## Exercise details
Repeat the data exactly as given below, dropping every picture.

## Given information
•••

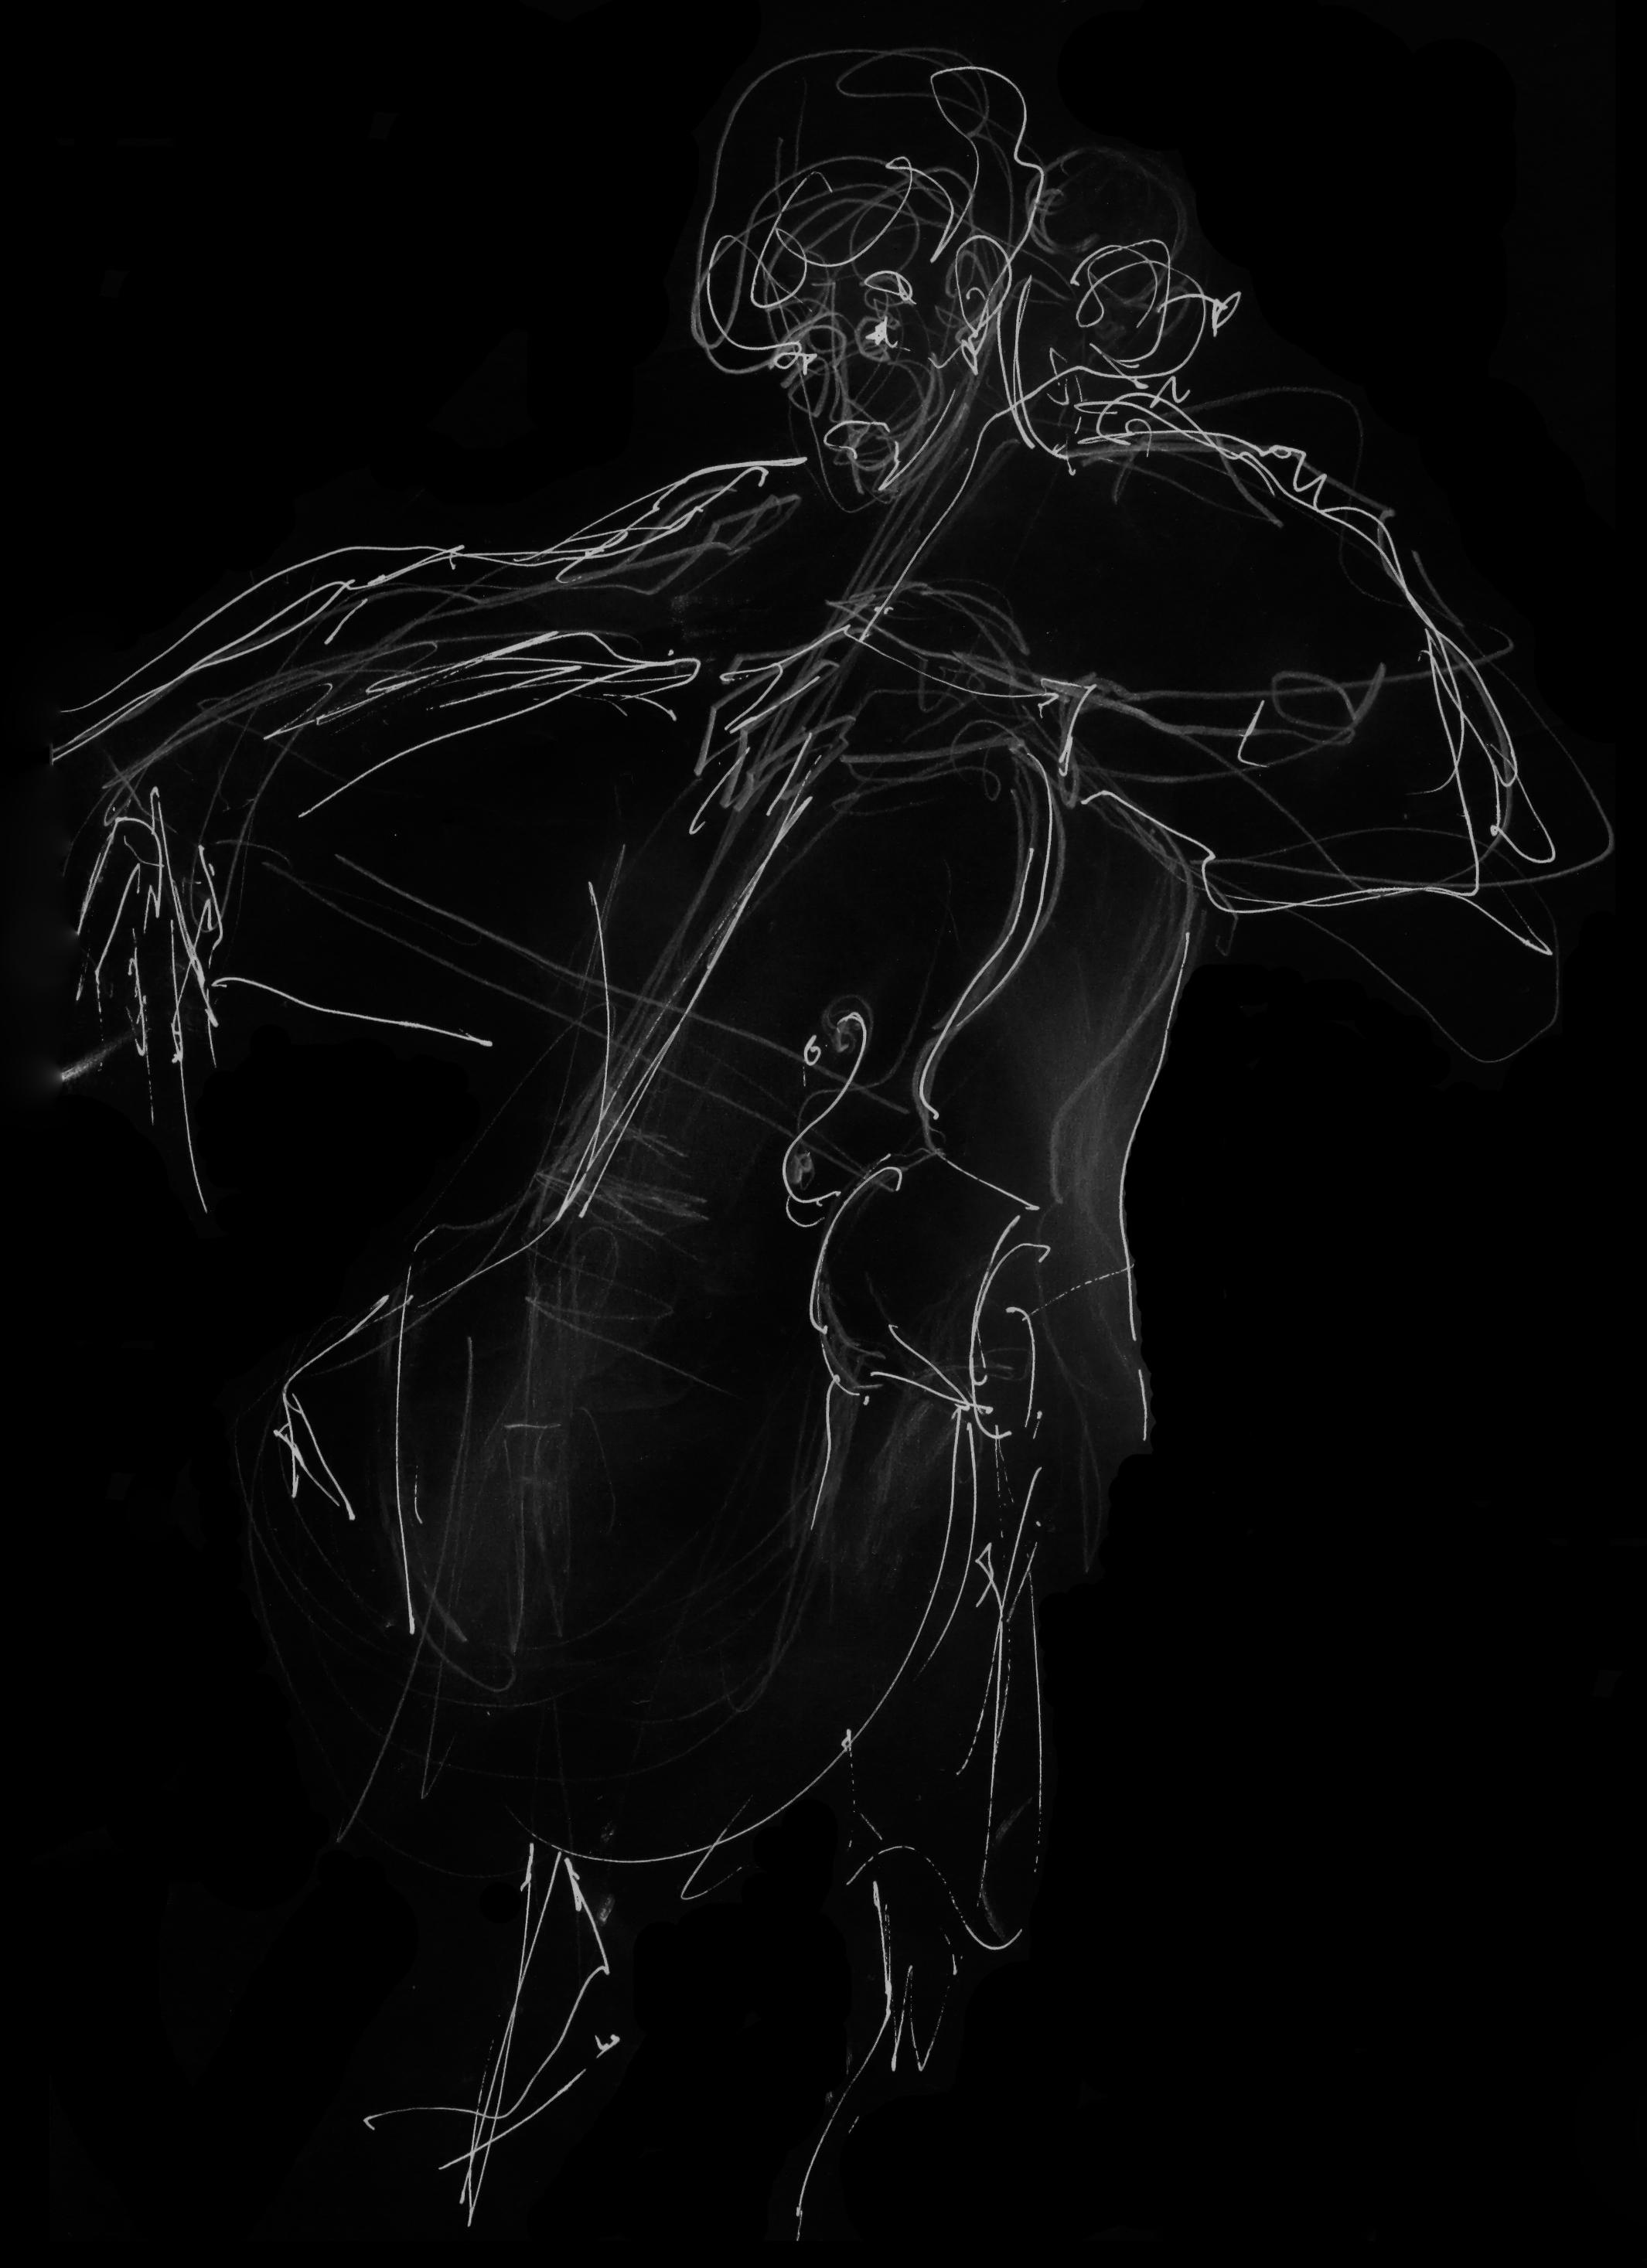 Dibujo por Liduine Zumpolle.
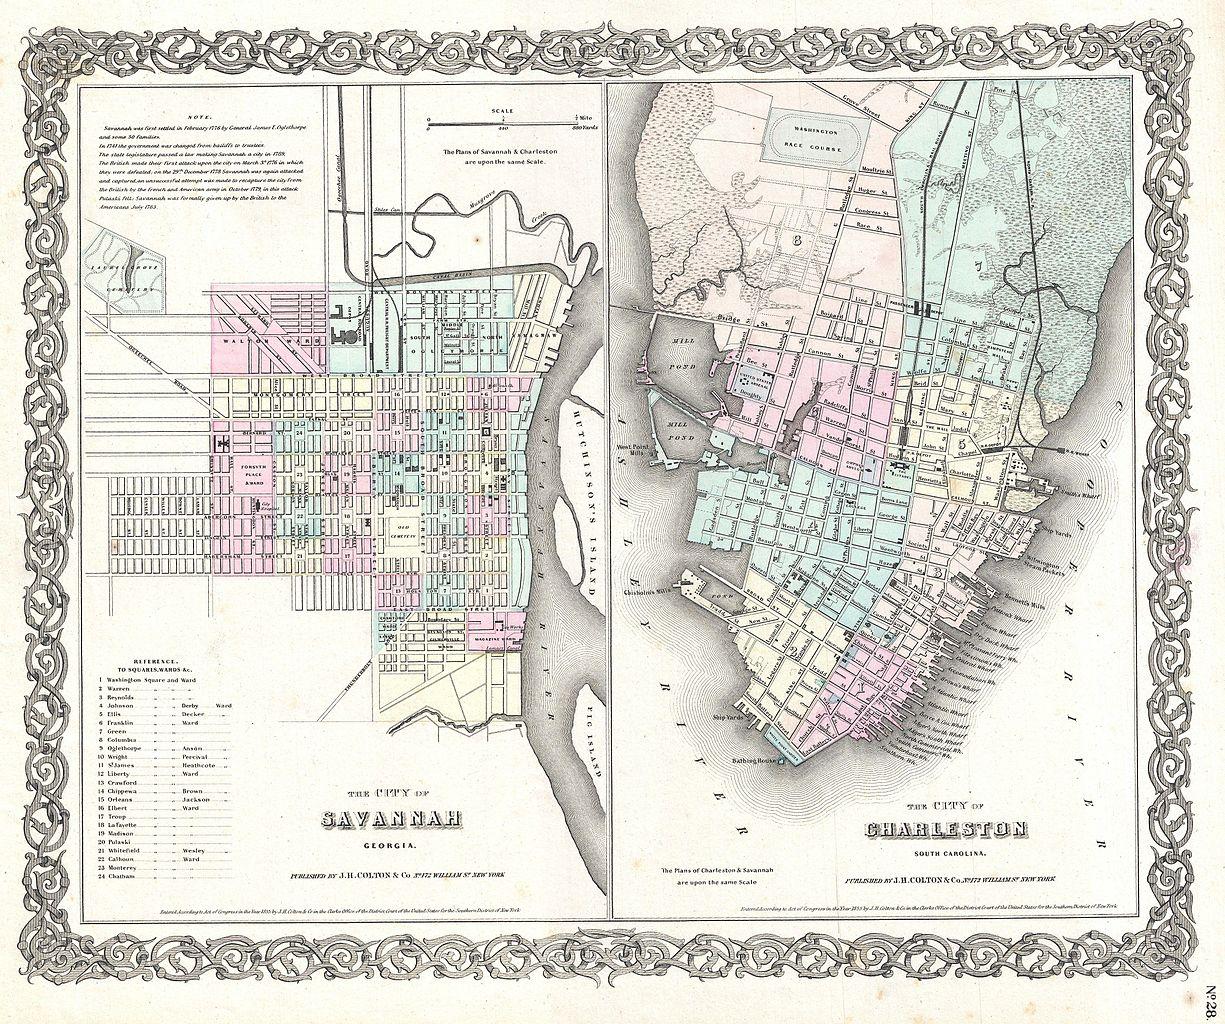 File 1855 Colton Plan Or Map Of Charleston South Carolina And Savannah Georgia Geographicus Charlestonsavannah Colton 1855 Jpg Wikimedia Commons
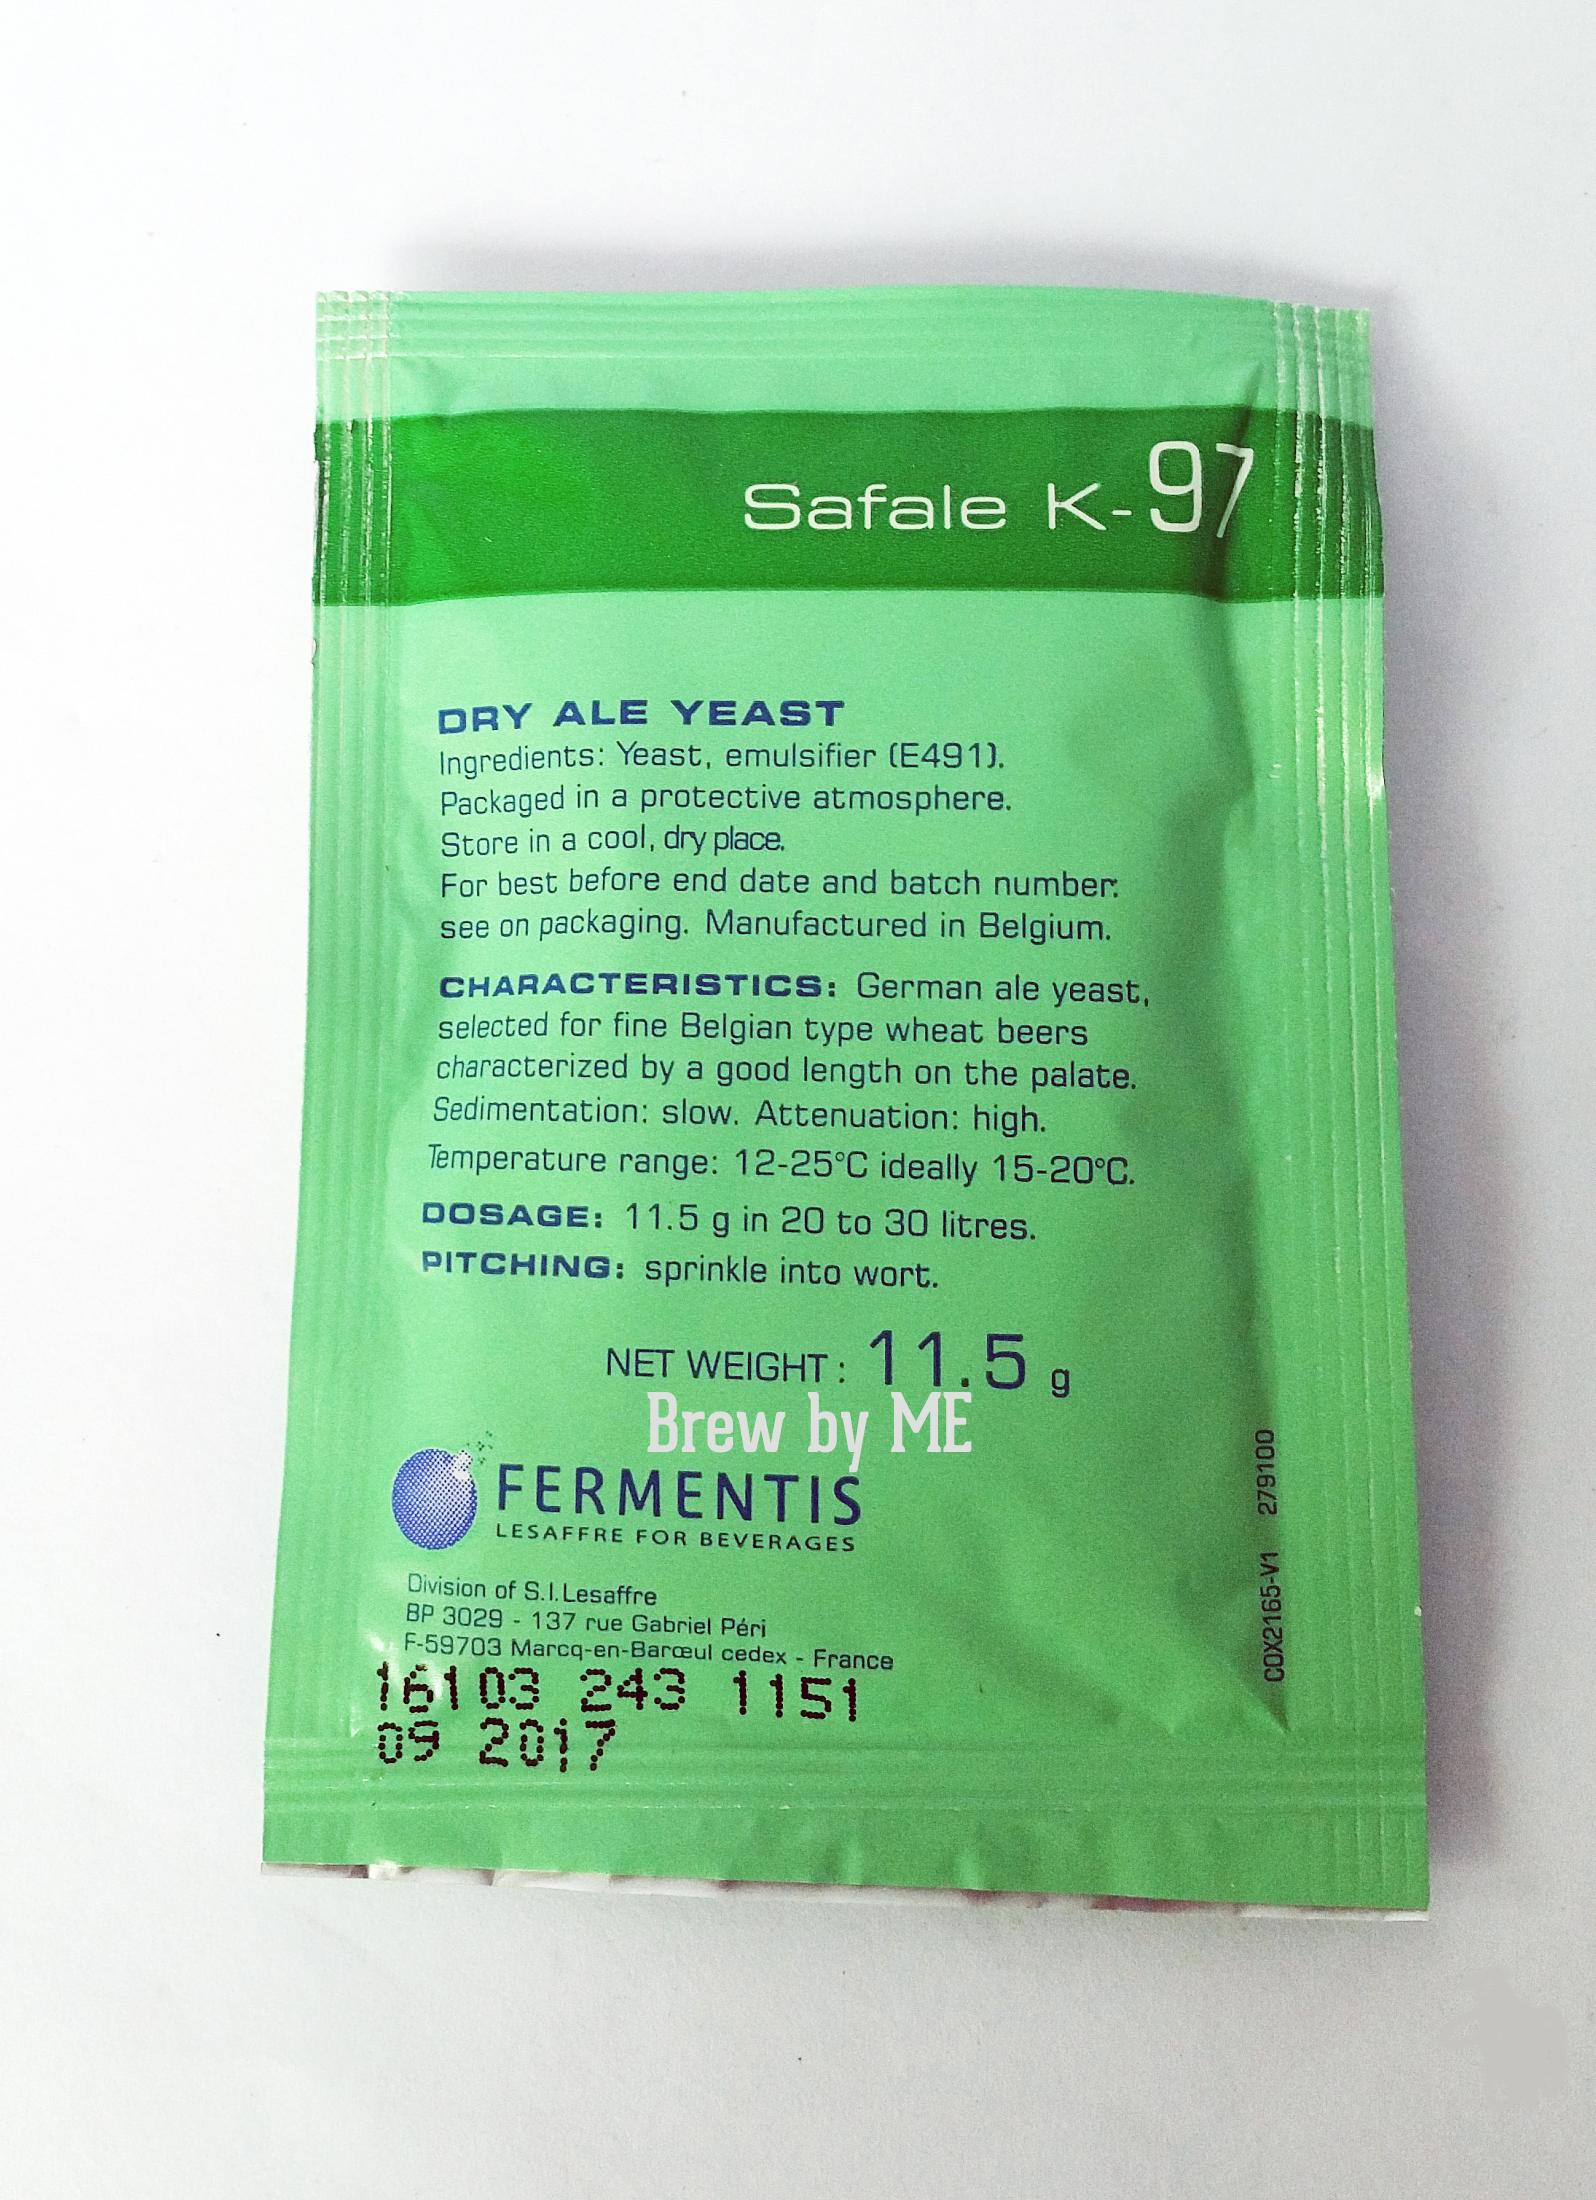 Fermentis Safale K-97

•••

## Completed task
 Dibujo por Liduine Zumpolle.
 File 1855 Colton Plan Or Map Of Charleston South Carolina And Savannah Georgia Geographicus Charlestonsavannah Colton 1855 Jpg Wikimedia Commons
 Fermentis Safale K-97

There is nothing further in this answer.